# Ar15 Coyote Hunting In Michigan



## Ike Lapina (Jul 23, 2018)

I have a 300 blackout ar15 and want to hunt coyotes. I live in lower Michigan zone 3. I don't really know what the laws are or if I can use the ar15. I heard about 5 round mags and nighttime laws are different from daytime. I just want to do it all legally.


----------



## fowlme (Jun 19, 2009)

Look at the other AR coyote hunt thread. It has the map with the regulations for night.


----------



## Ike Lapina (Jul 23, 2018)

fowlme said:


> Look at the other AR coyote hunt thread.

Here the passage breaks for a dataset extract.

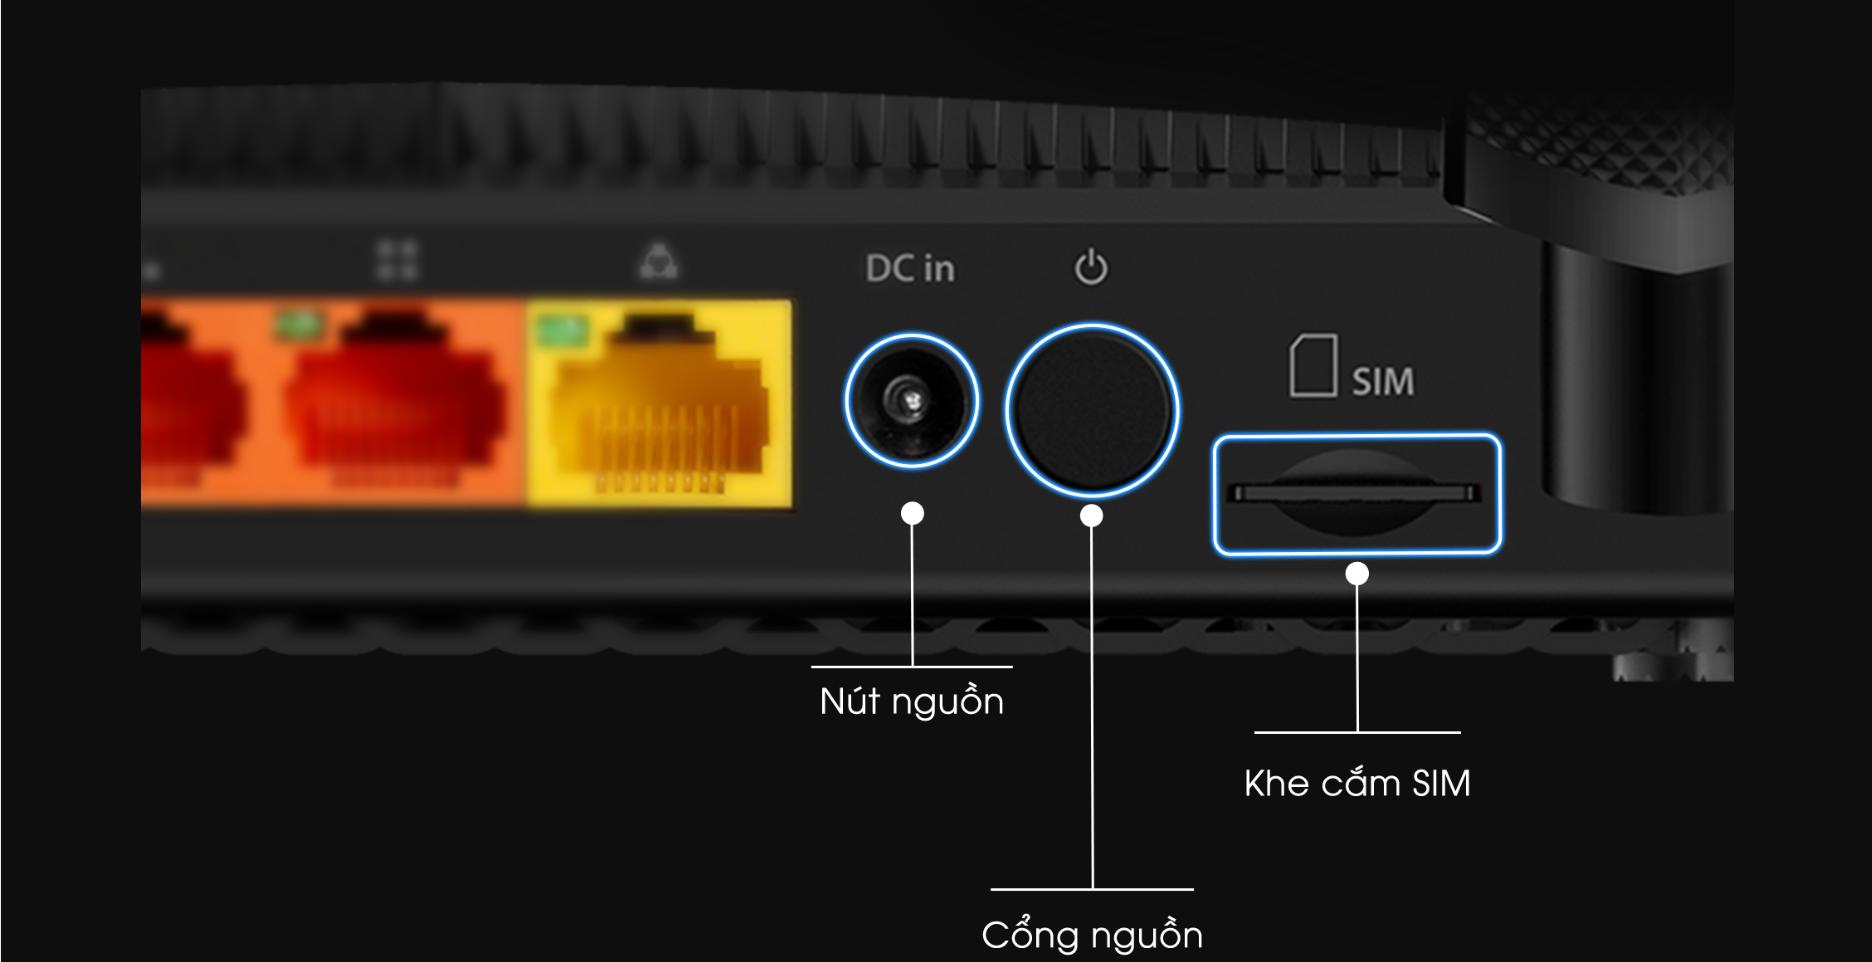 Router Bộ định tuyến 4G-LTE Totolink LR1200-cổng

It has the map with the regulations for night.


I can't find the thread. Do you know the exact name


----------



## doggk9 (Aug 27, 2006)

300 blackout is not legal after dark, but you can use it during daylight with a 5 round limiter

Sent from my SM-N950U using Tapatalk


----------



## Ike Lapina (Jul 23, 2018)

doggk9 said:


> 300 blackout is not legal after dark, but you can use it during daylight with a 5 round limiter
> 
> Sent from my SM-N950U using Tapatalk


Ok thanks


----------



## fowlme (Jun 19, 2009)




----------



## Ike Lapina (Jul 23, 2018)

Thanks for the help


----------